Your output should be the lines from the one containing "Many skis stand" through the end of the listing, exact and inclusive, with no pictures.

## COLLECTED MATERIAL
_____

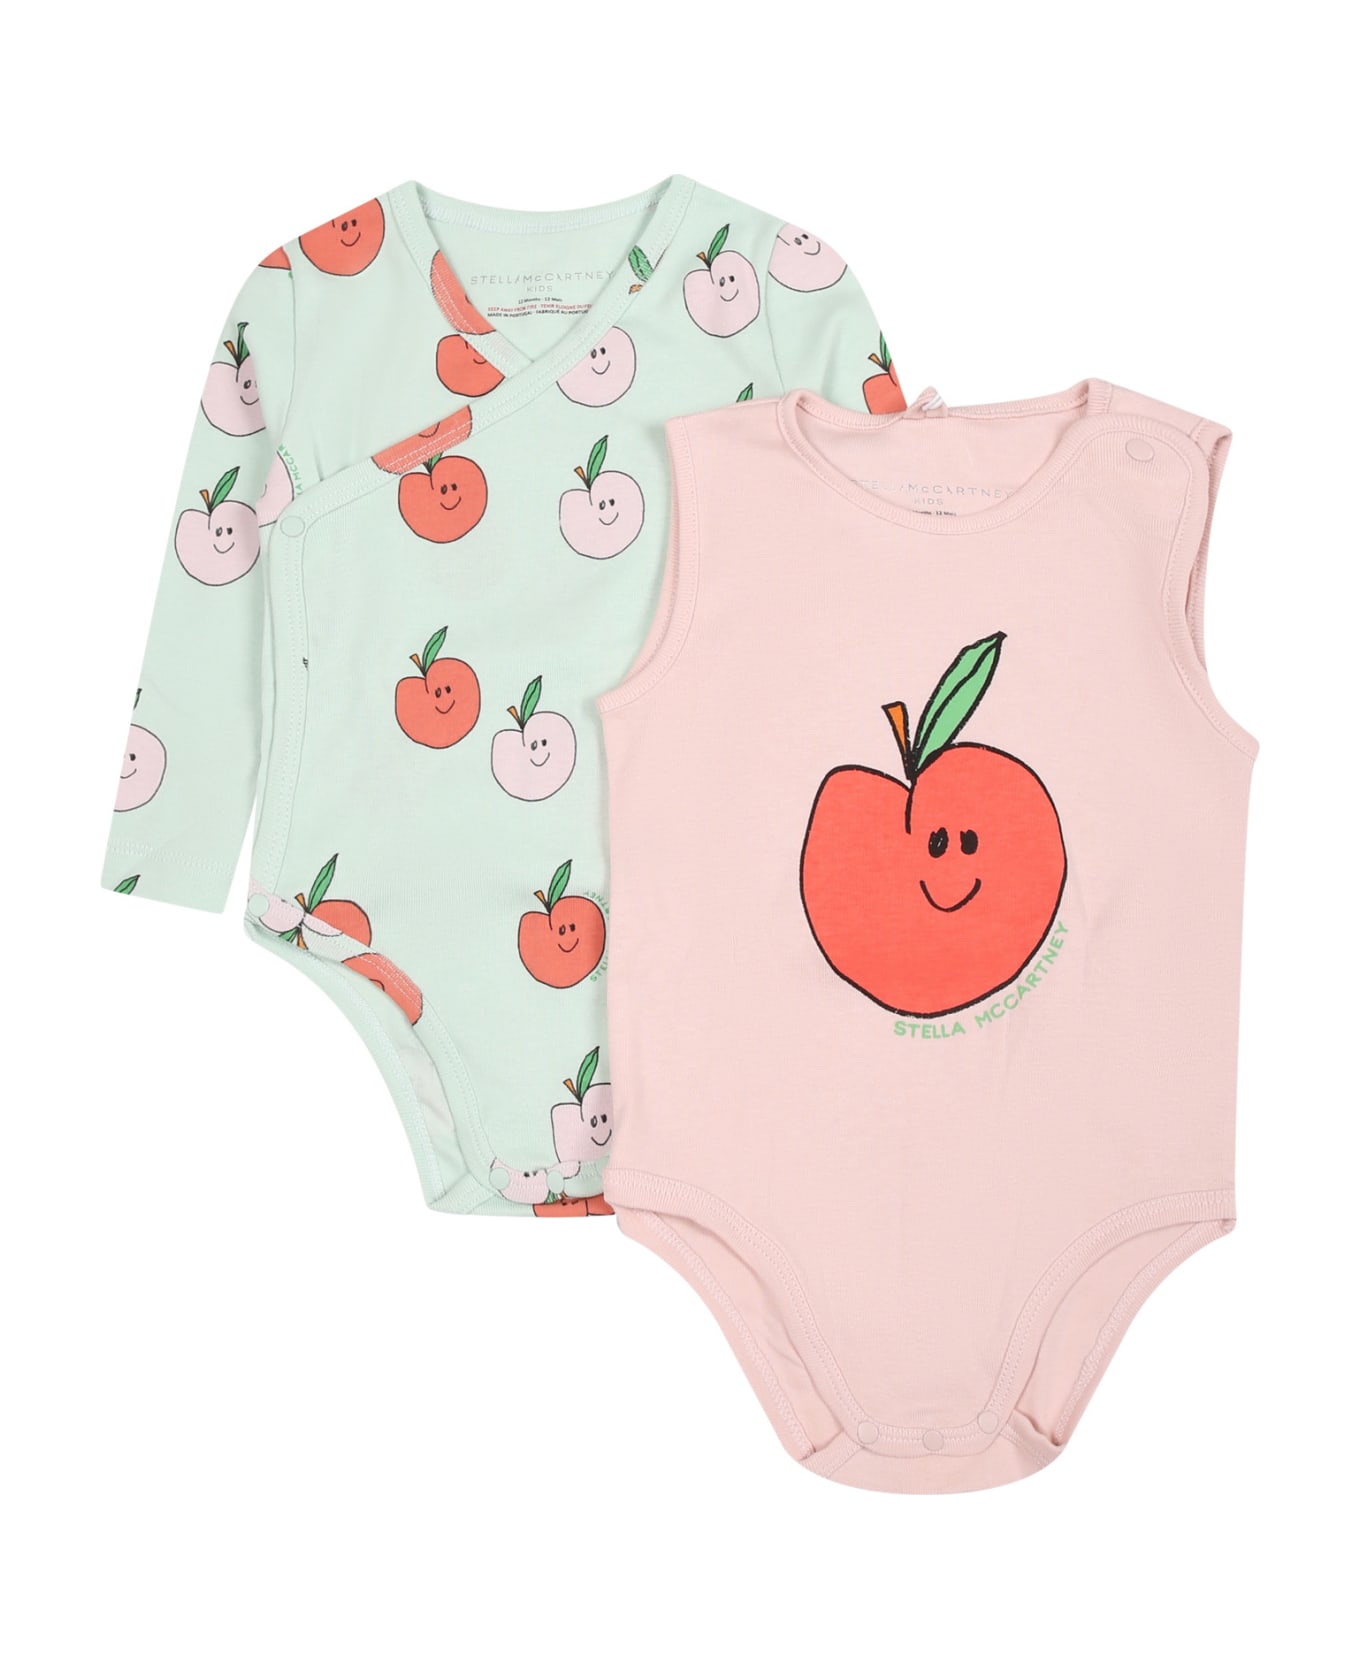 Stella McCartney Kids Multicolor Set For Baby Girl With Apples - Multicolor
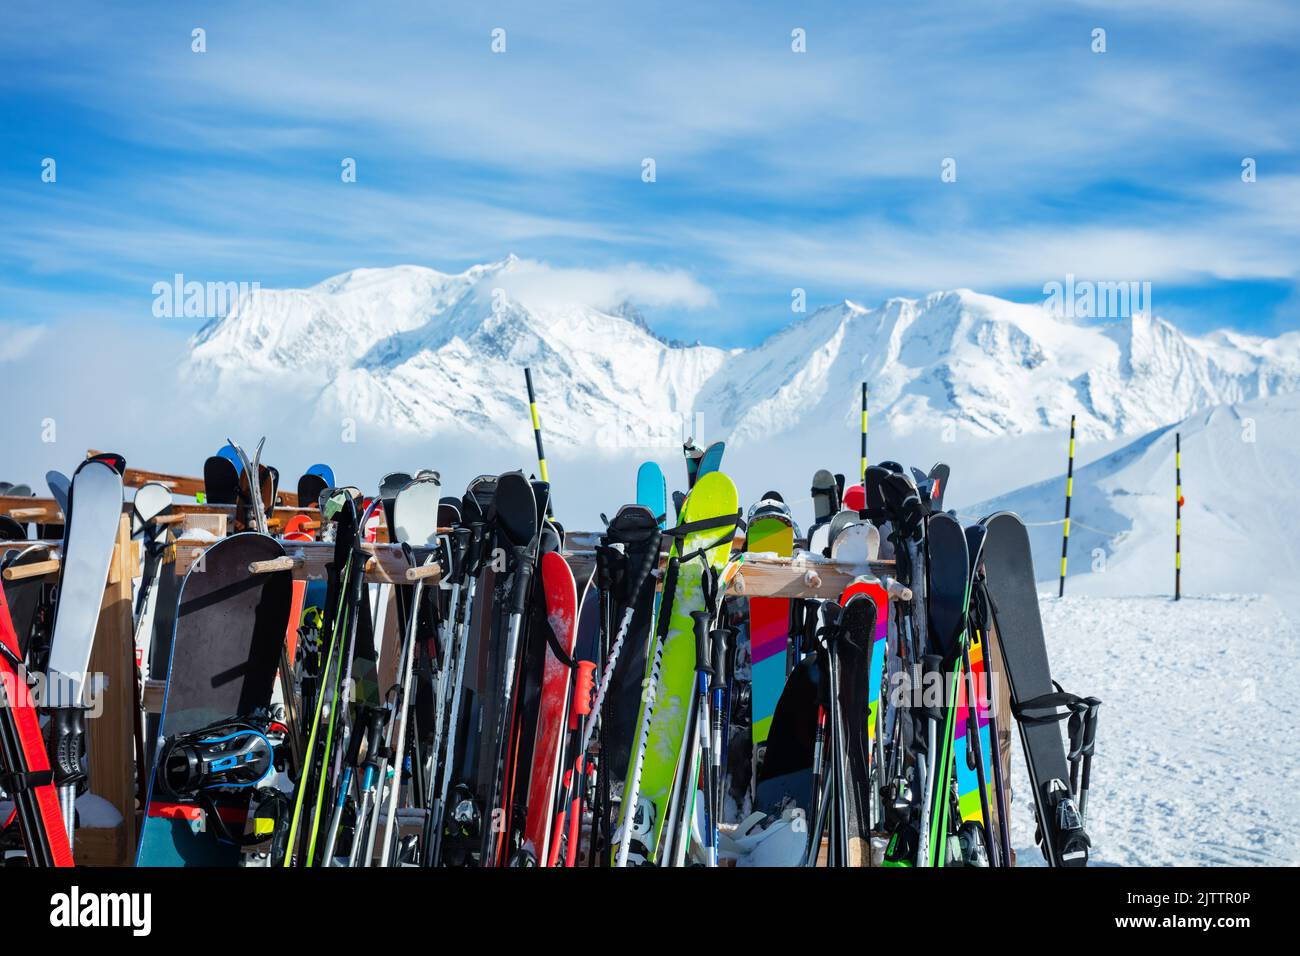 Many skis stand on alpine resort over mountain tops Stock Photo
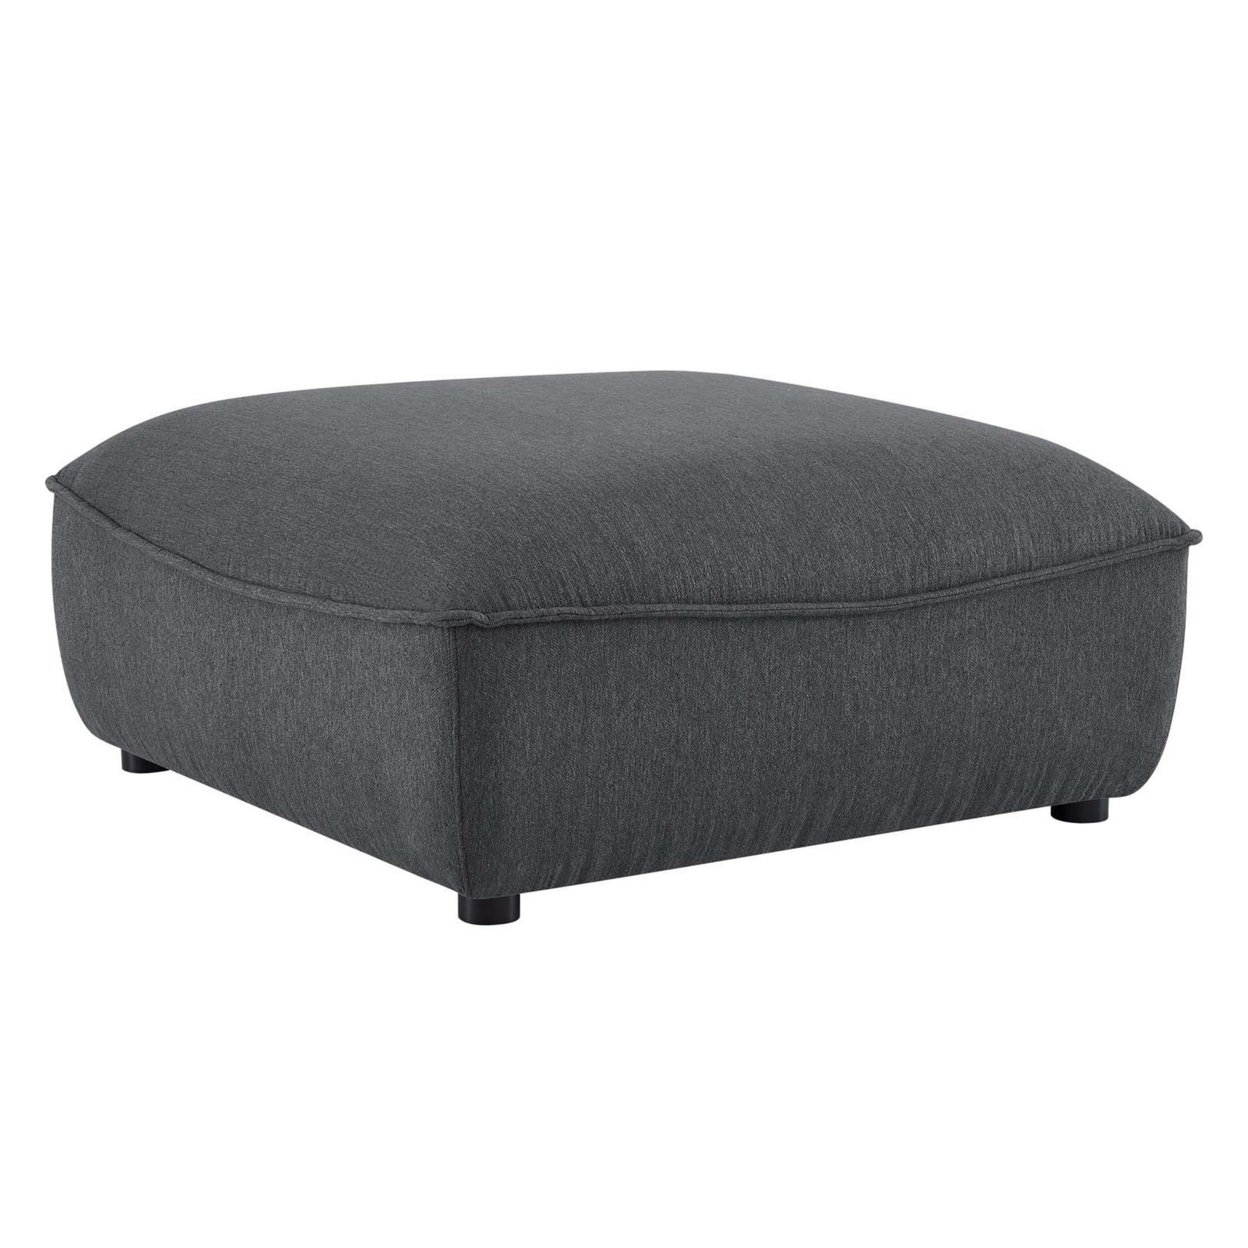 Comprise Sectional Sofa Ottoman, Charcoal
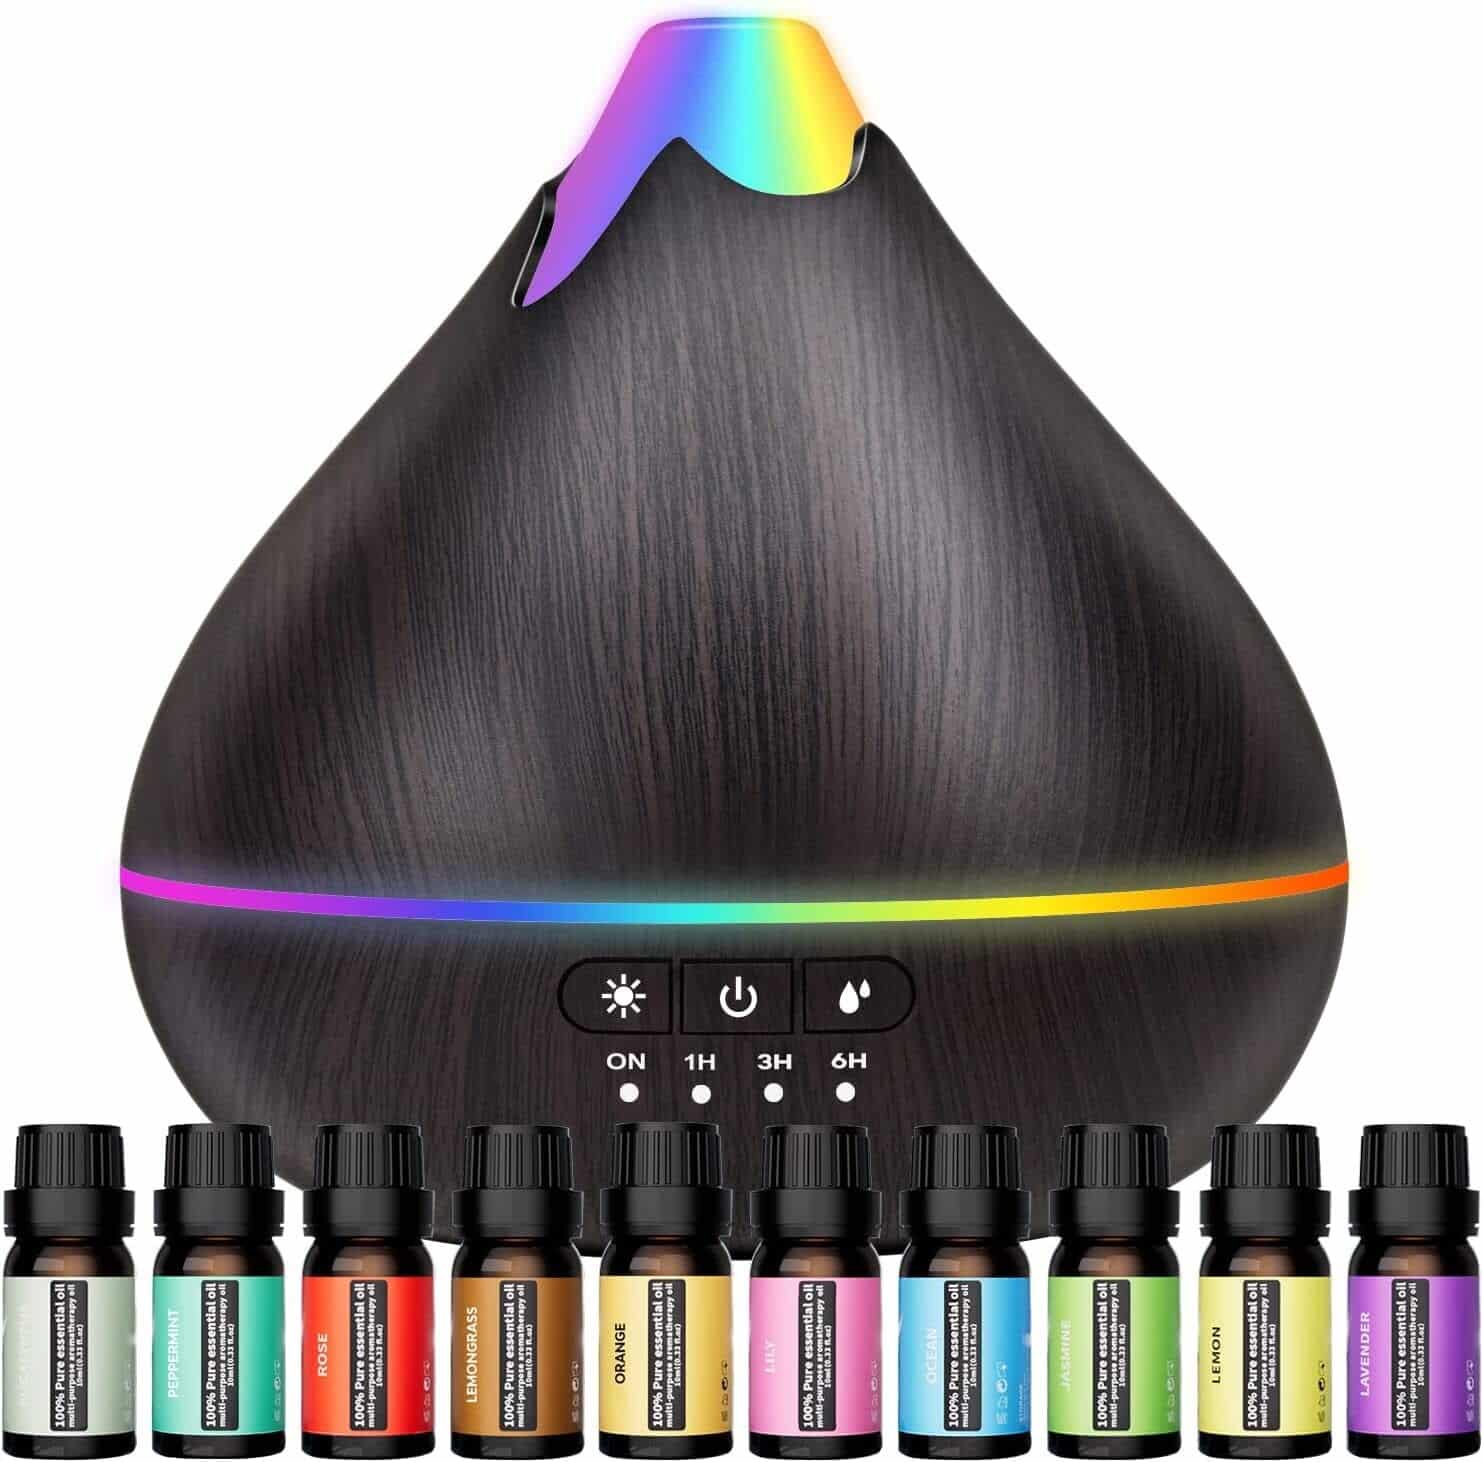 A picture of an essential oil diffuser

_____

## WRITTEN SOLUTION
 Many skis stand on alpine resort over mountain tops Stock Photo
 Comprise Sectional Sofa Ottoman, Charcoal
 A picture of an essential oil diffuser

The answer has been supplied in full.